- Supplied data
========================================================================
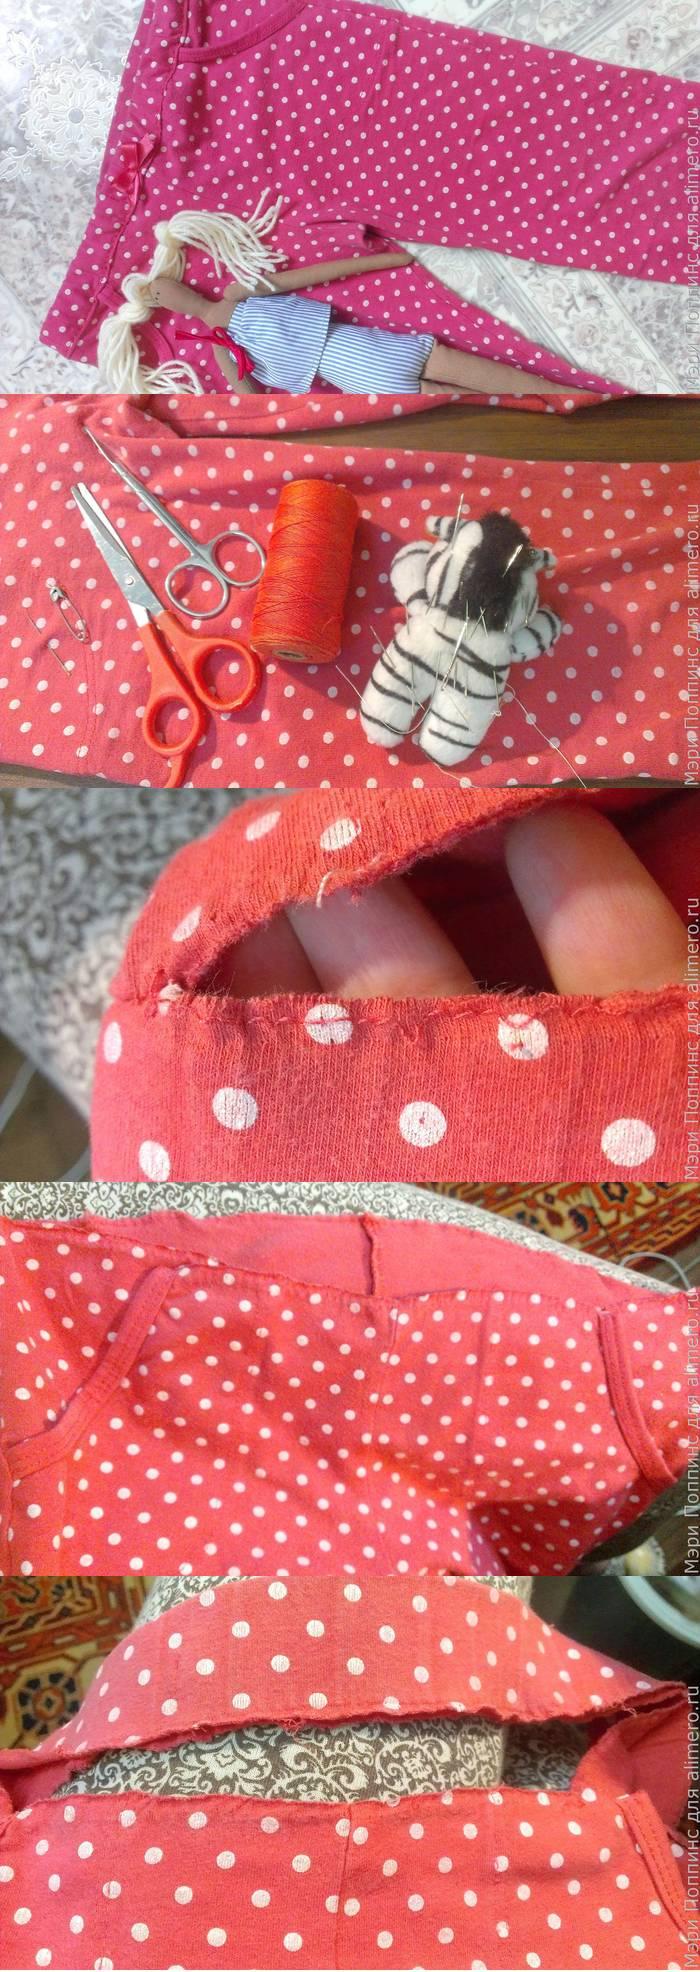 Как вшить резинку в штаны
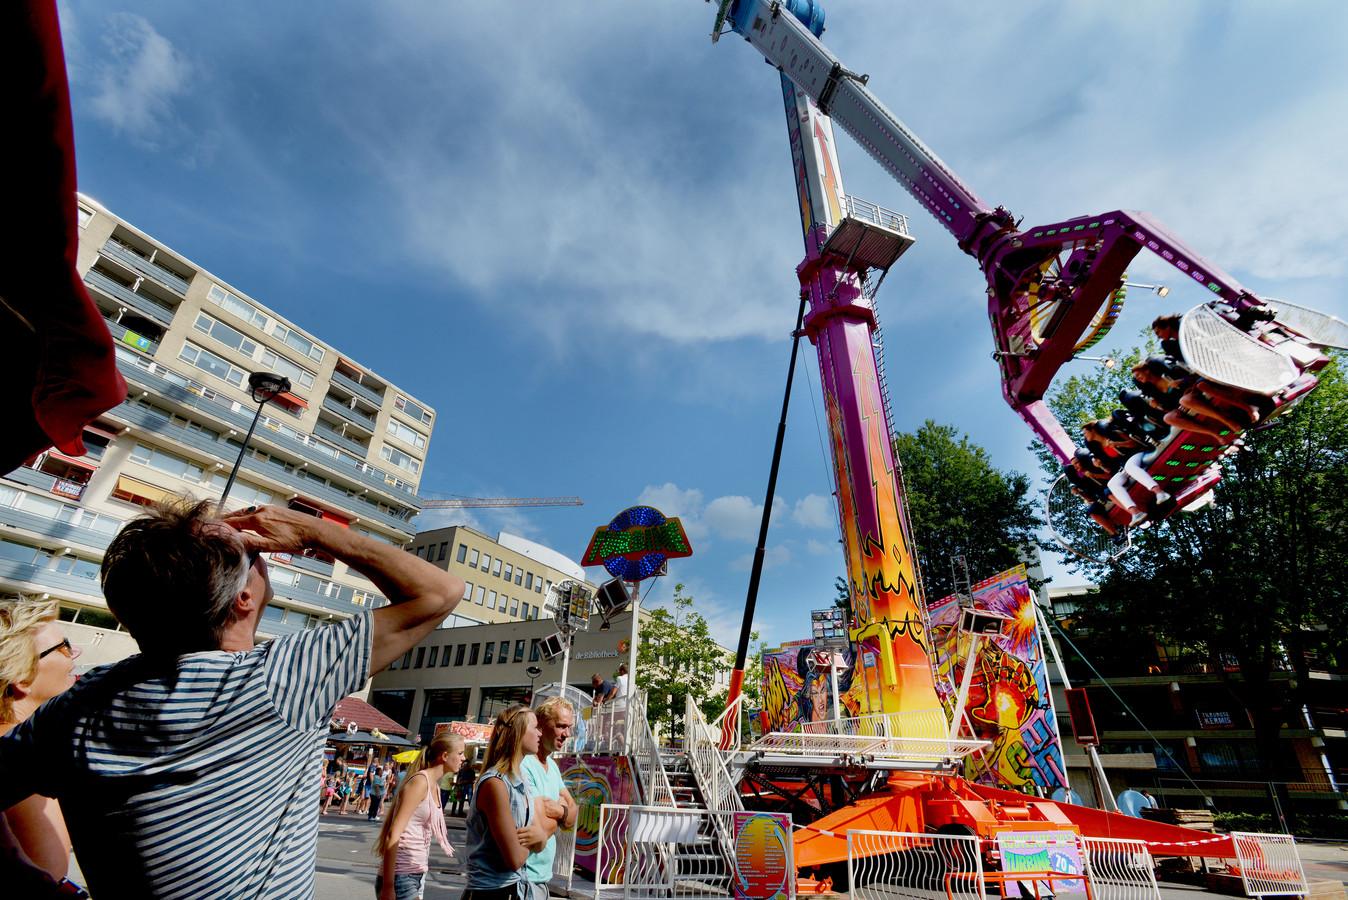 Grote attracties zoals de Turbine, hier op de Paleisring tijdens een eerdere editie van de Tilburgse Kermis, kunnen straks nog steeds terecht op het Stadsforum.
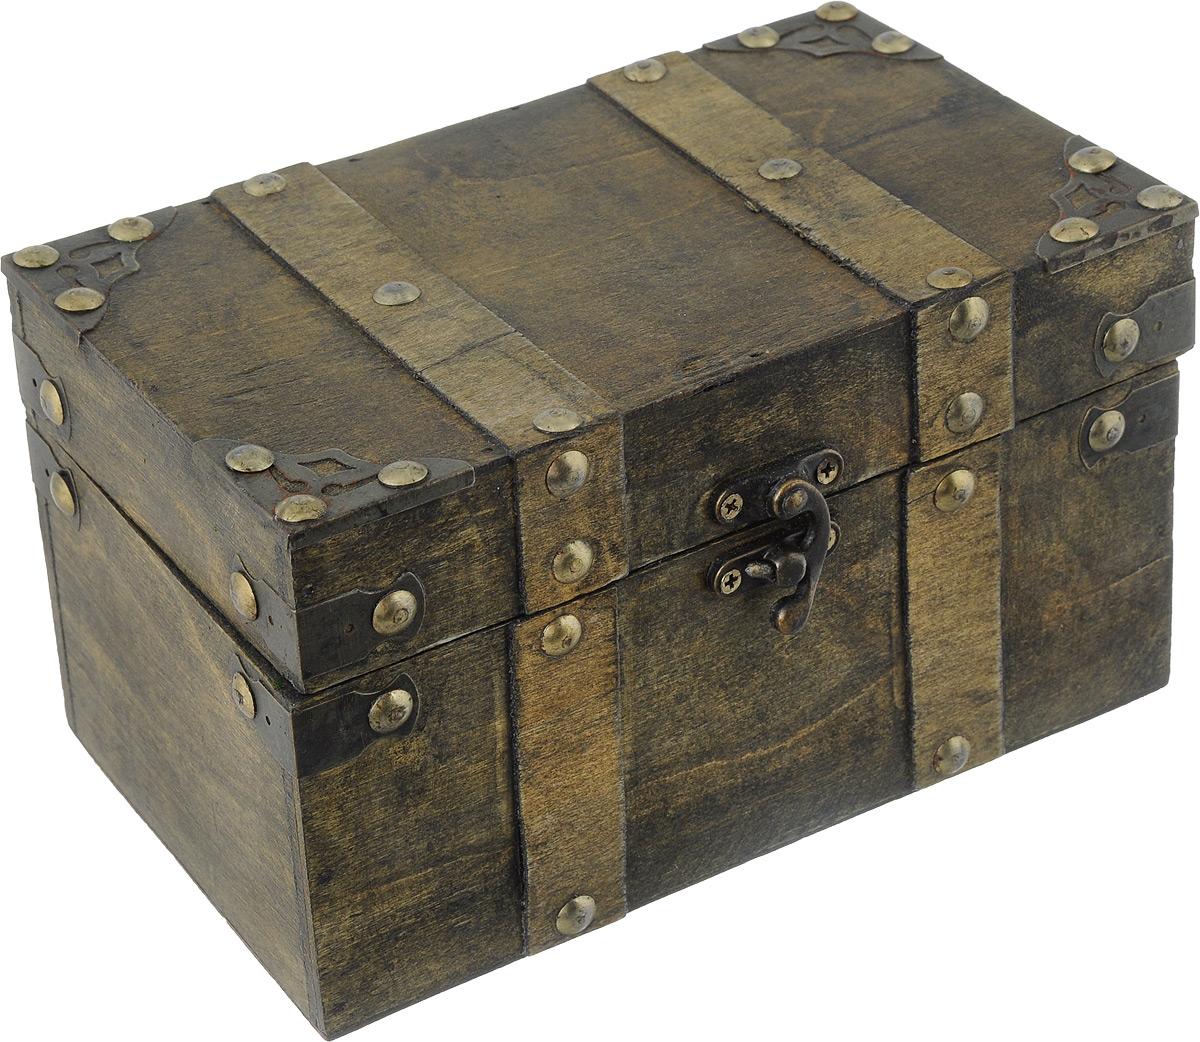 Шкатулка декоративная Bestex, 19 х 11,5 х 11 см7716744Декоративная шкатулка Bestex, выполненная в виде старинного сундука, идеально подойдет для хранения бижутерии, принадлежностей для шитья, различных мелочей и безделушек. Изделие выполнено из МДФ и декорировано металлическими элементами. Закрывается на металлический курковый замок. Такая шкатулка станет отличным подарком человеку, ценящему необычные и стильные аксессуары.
========================================================================
- Your objective
Leave out the pictures and return the listing exactly.

- Exercise solution
 Как вшить резинку в штаны
 Grote attracties zoals de Turbine, hier op de Paleisring tijdens een eerdere editie van de Tilburgse Kermis, kunnen straks nog steeds terecht op het Stadsforum.
 Шкатулка декоративная Bestex, 19 х 11,5 х 11 см7716744Декоративная шкатулка Bestex, выполненная в виде старинного сундука, идеально подойдет для хранения бижутерии, принадлежностей для шитья, различных мелочей и безделушек. Изделие выполнено из МДФ и декорировано металлическими элементами. Закрывается на металлический курковый замок. Такая шкатулка станет отличным подарком человеку, ценящему необычные и стильные аксессуары.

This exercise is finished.